Finally, a conservative uptake rate of TBB from soil by small terrestrial mammals (e.g., the shrew) was calculated using the BASL4 model as 0.67 mg/kg bw/d and 0.24 mg/kg bw/d for the industrial scenario and scenario for products available to consumers, respectively (see sections 9.2.1 and 9.2.2).
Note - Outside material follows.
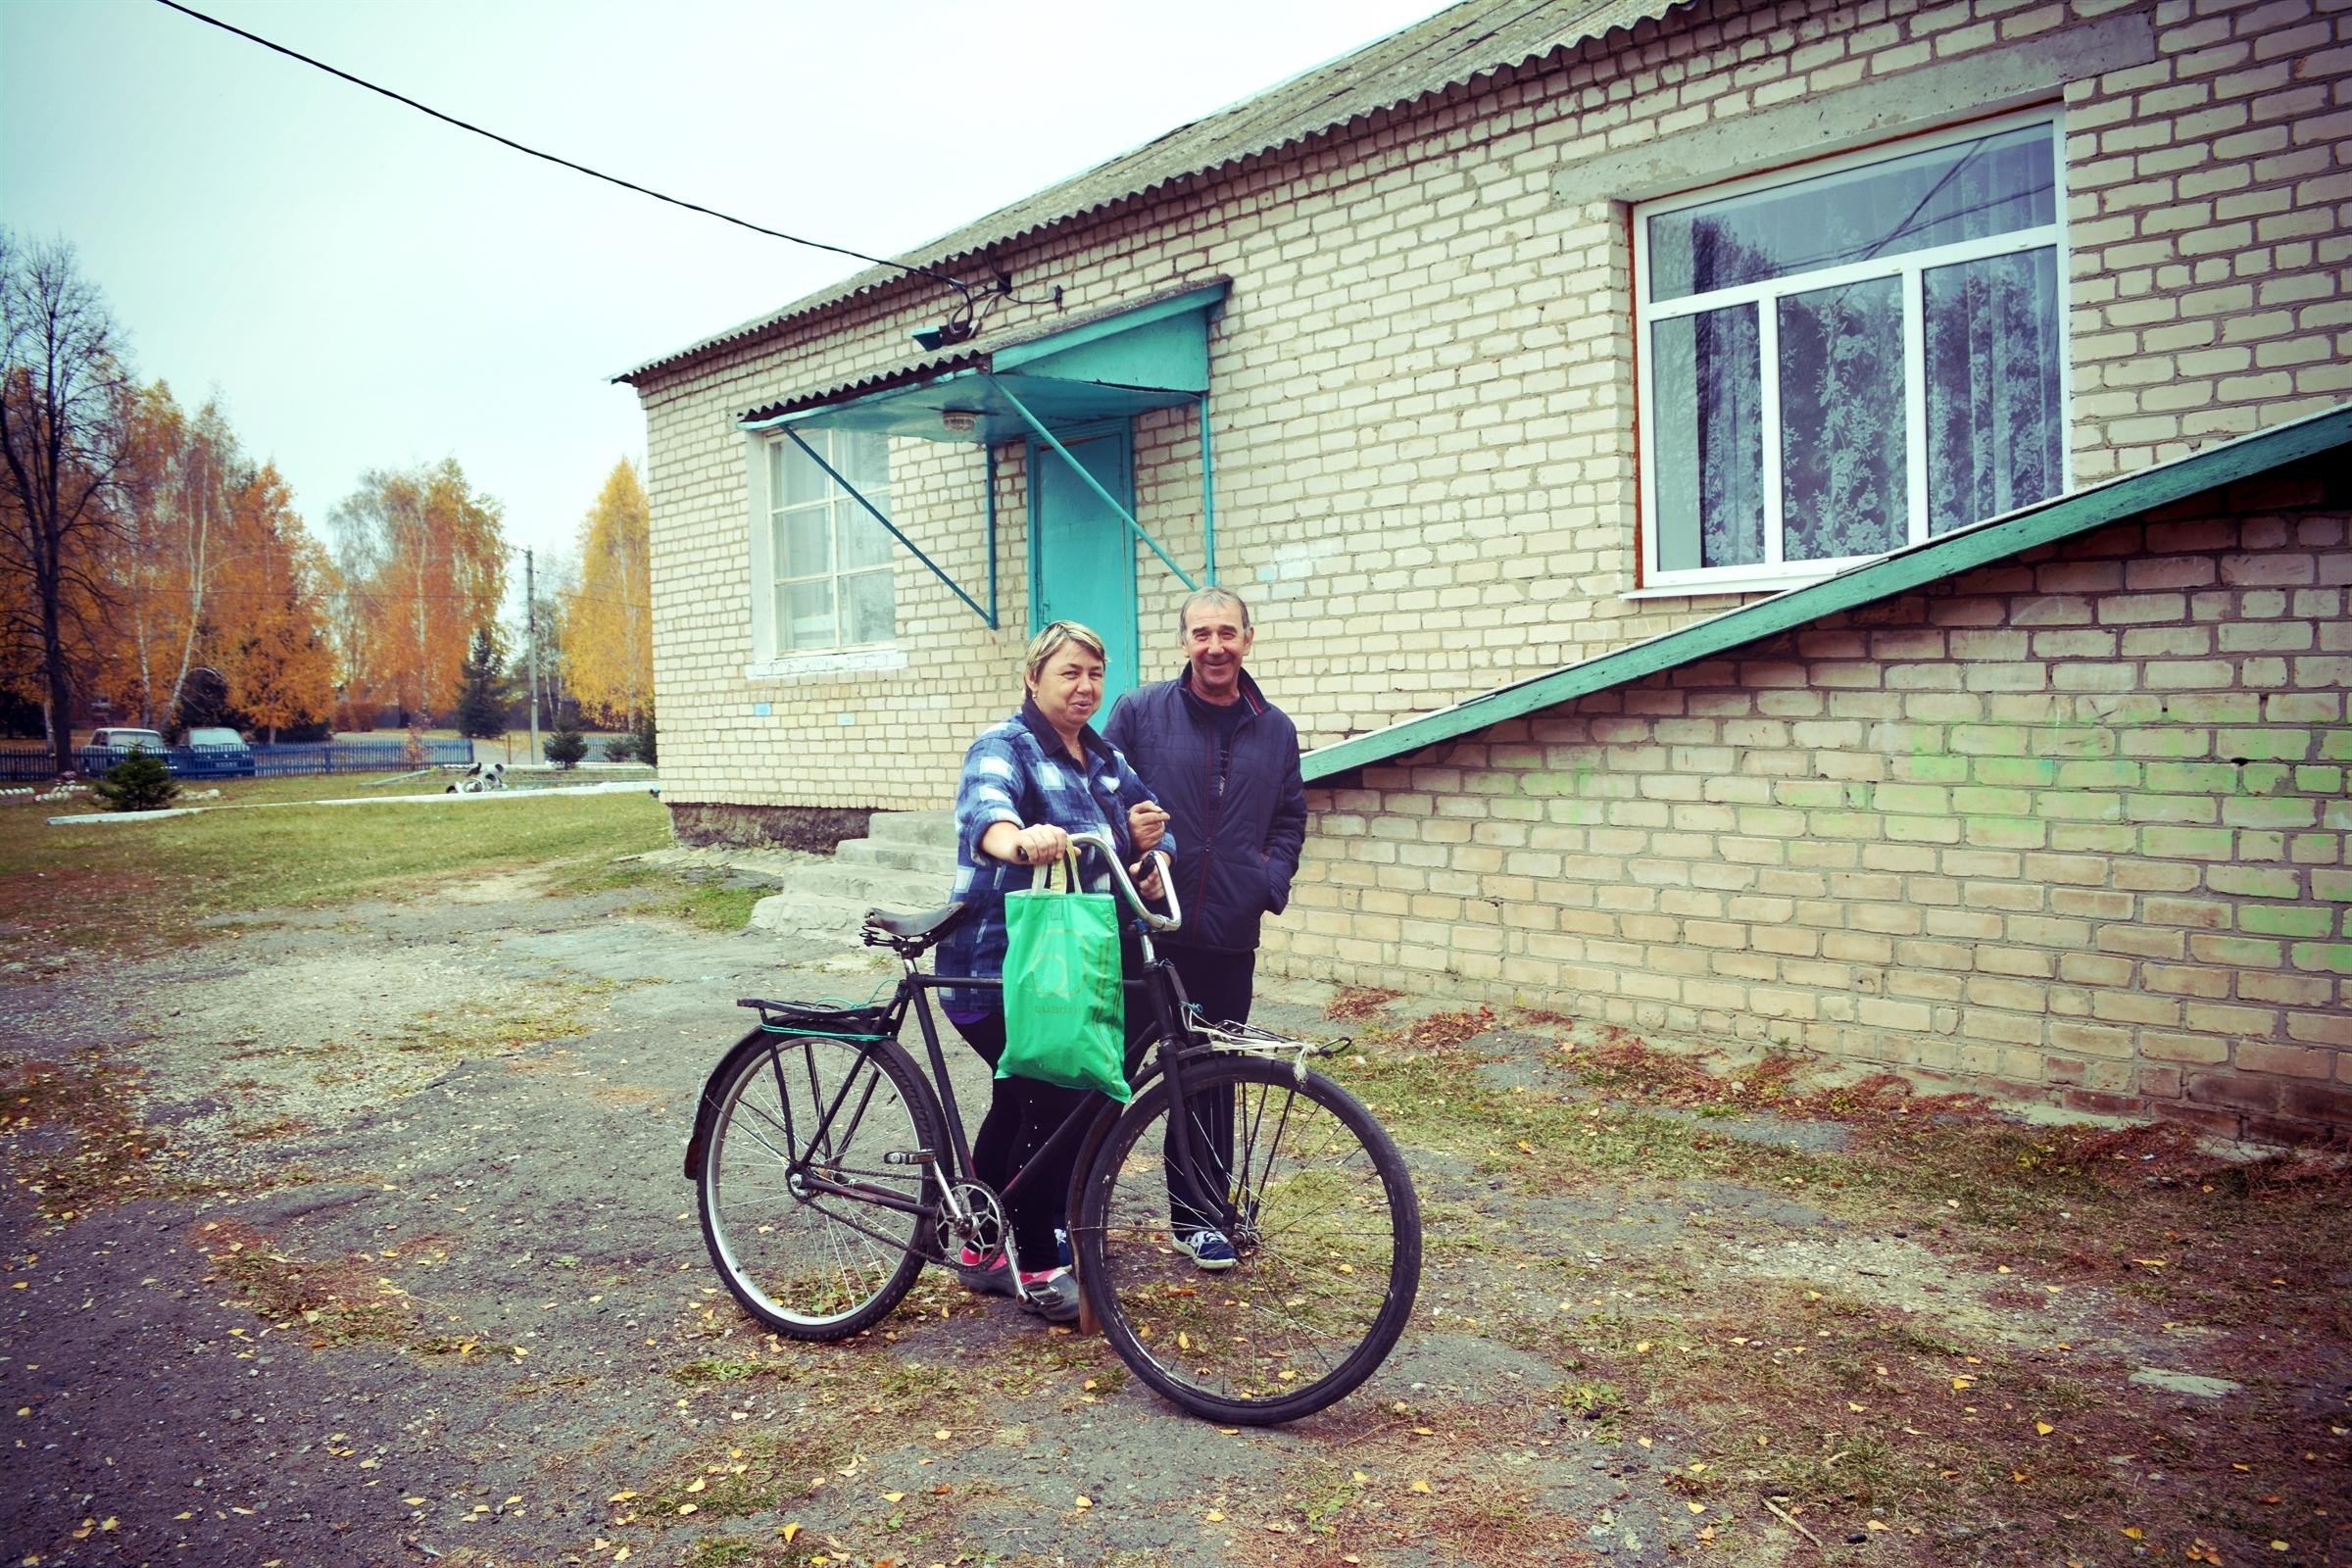 GFRANQ_ELENA_MARKOVSKAYA_67284826_2400.jpg

Comparing these values to the weight normalized toxicity threshold reference value (TRV) of 7.3 mg/kg bw/d for the shrew indicates a low potential for risk to small terrestrial mammals from application of biosolids to soils (Table 9‑4).
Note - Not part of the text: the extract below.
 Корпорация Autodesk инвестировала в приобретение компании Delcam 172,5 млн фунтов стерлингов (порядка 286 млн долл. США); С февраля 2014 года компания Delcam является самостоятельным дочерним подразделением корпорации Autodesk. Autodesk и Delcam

Table 9-3. Summary of risk quotient calculations for aquatic exposure scenarios for TBPH
Media Scenario PNEC PEC RQ
Water Industrial release to water 7.9 x 10-4 mg/L 1.7 x 10-6 to 3.1 x 10-4 mg/L 2.1 x 10-3 to 0.39
Water Product release via residential laundry wastewater 7.9 x 10-4 mg/L 2.2 x 10-9 to 4.4 x 10-6 mg/L (5th to 95th percentile) 2.8 x 10-6 to 5.6 x 10-3
Table 9-4. Summary of risk quotient calculations for aquatic and wildlife exposure scenarios for TBB/TBPH mixture and TBB
Media Scenario PNEC or TRV PEC or TDI RQ
Water (TBB/TBPH mixture) Industrial release to water 7.9 x 10-4 mg/L 5.1 x 10-10 to 3.3 x 10-6 mg/L 6.5 x 10-7 to 4.2 x 10-3
Water (TBB) Product release via residential laundry wastewater 7.9 x 10-4 mg/L 1.4 x 10-9 to 3.8 x 10-6 mg/L (5th to 95th percentile) 1.8 x 10-6 to 4.8 x 10-3
Wildlife (TBB) Piscivore (mink/fish), Industrial 2.3 mg/kg bw/d 0.032 mg/kg bw/d (95th percentile) 1.4 x 10-2
Wildlife (TBB) Piscivore (otter/fish), Industrial 1.4 mg/kg bw/d 0.024 mg/kg bw/d (95th percentile) 1.7 x 10-2
Wildlife (TBB) Piscivore (mink/fish), Products available to consumers 2.3 mg/kg bw/d 0.011 mg/kg bw/d (95th percentile) 4.8 x 10-3
Wildlife (TBB) Piscivore (otter/fish), Products available to consumers 1.4 mg/kg bw/d 0.009 mg/kg bw/d (95th percentile) 6.4 x 10-3
Wildlife (TBB) Agricultural application of biosolids (small mammal), Industrial 7.3 mg/kg bw/d 0.67 mg/kg bw/d 9.2 x 10-2
Wildlife (TBB) Agricultural application of biosolids (small mammal), Products available to consumers 7.3 mg/kg bw/d 0.24 mg/kg bw/d 3.3 x 10-2
Wildlife (TBB) Agricultural application of biosolids (small mammal), Monitoring 7.3 mg/kg bw/d 1.5 mg/kg bw/d 0.21
Figure 9‑1. Long description

Industrial exposure scenario: Graphical comparison of estimated TBB critical body residues (CBR) of fish with thresholds for acute and chronic narcotic toxicity, total daily intake (TDI) of TBB with toxicity threshold reference values (TRV) for piscivorous mammals, mink and river otter, and TDI of TBB resulting from agricultural application of biosolids with TRV for shrew.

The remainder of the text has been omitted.